_Available data_
=-=-=
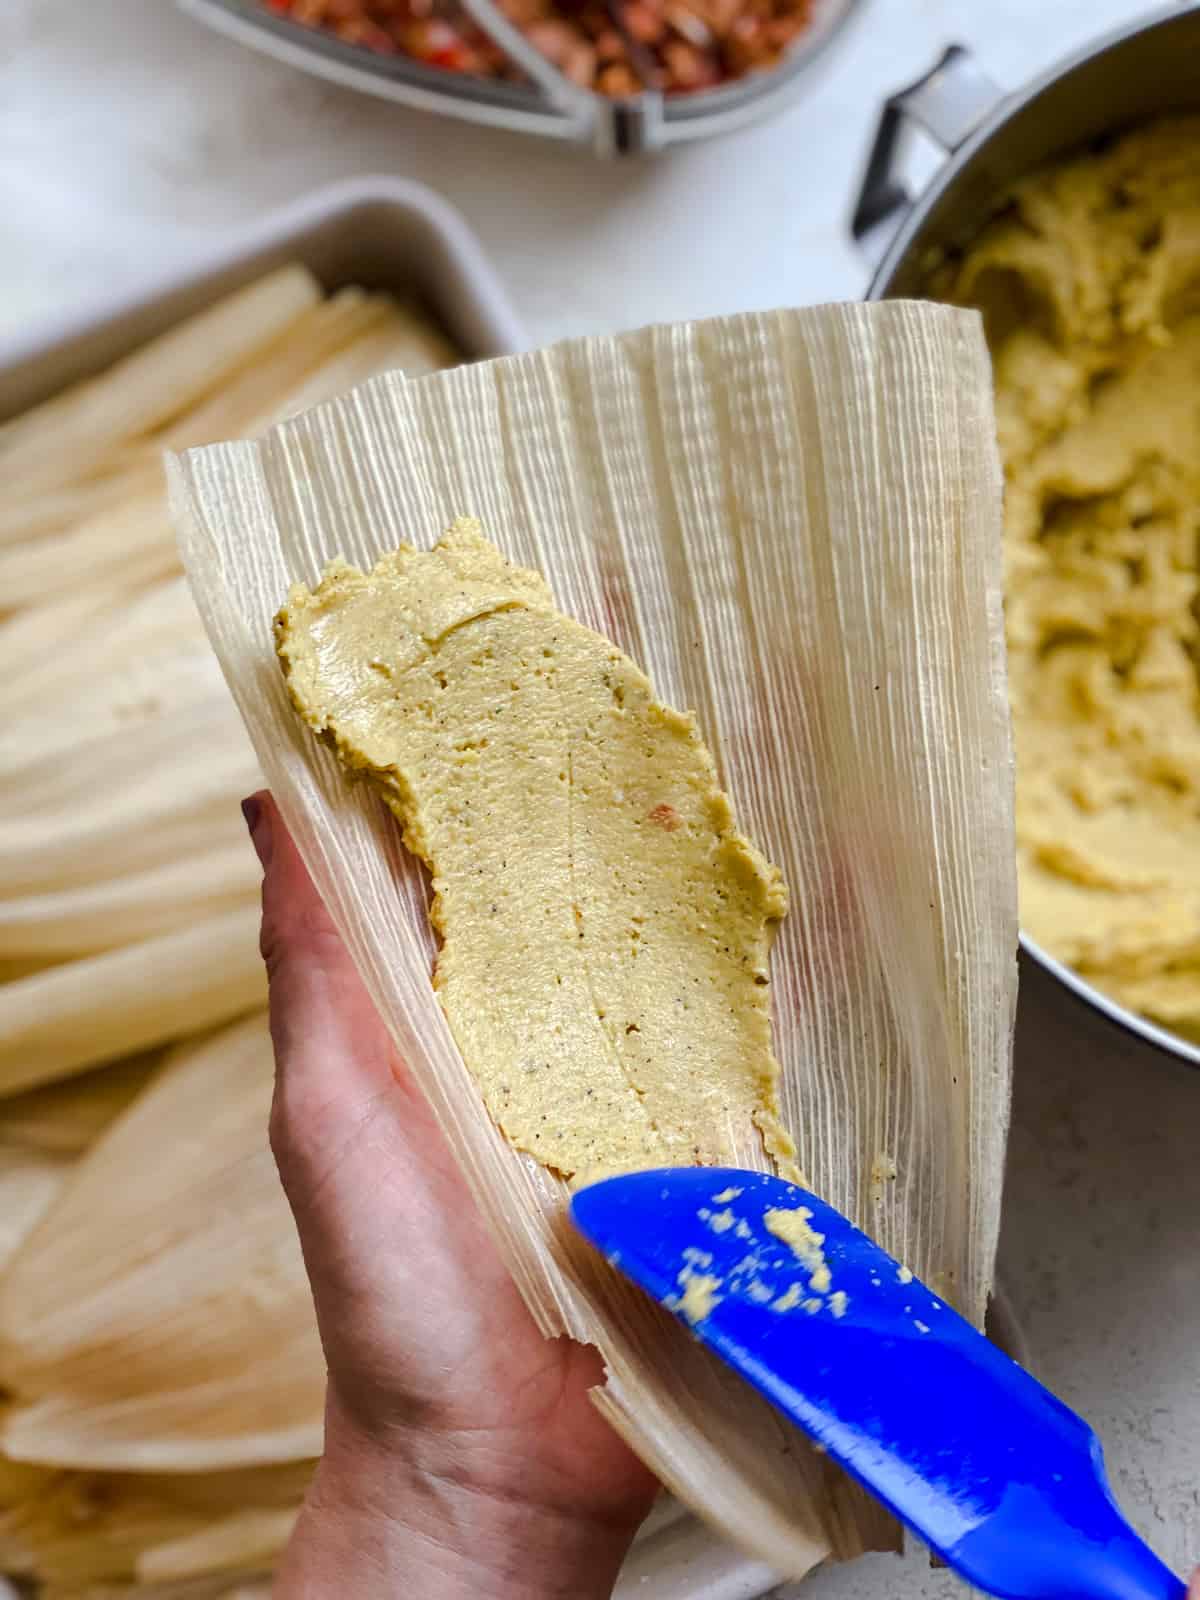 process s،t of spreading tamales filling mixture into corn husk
=-=-=
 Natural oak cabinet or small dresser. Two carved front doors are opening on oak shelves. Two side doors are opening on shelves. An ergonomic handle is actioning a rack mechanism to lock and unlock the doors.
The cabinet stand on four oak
=-=-=
_Try it_
If a line in the records above holds the string "cabinet", copy it.

_Your response_
 Natural oak cabinet or small dresser. Two carved front doors are opening on oak shelves. Two side doors are opening on shelves. An ergonomic handle is actioning a rack mechanism to lock and unlock the doors.
The cabinet stand on four oak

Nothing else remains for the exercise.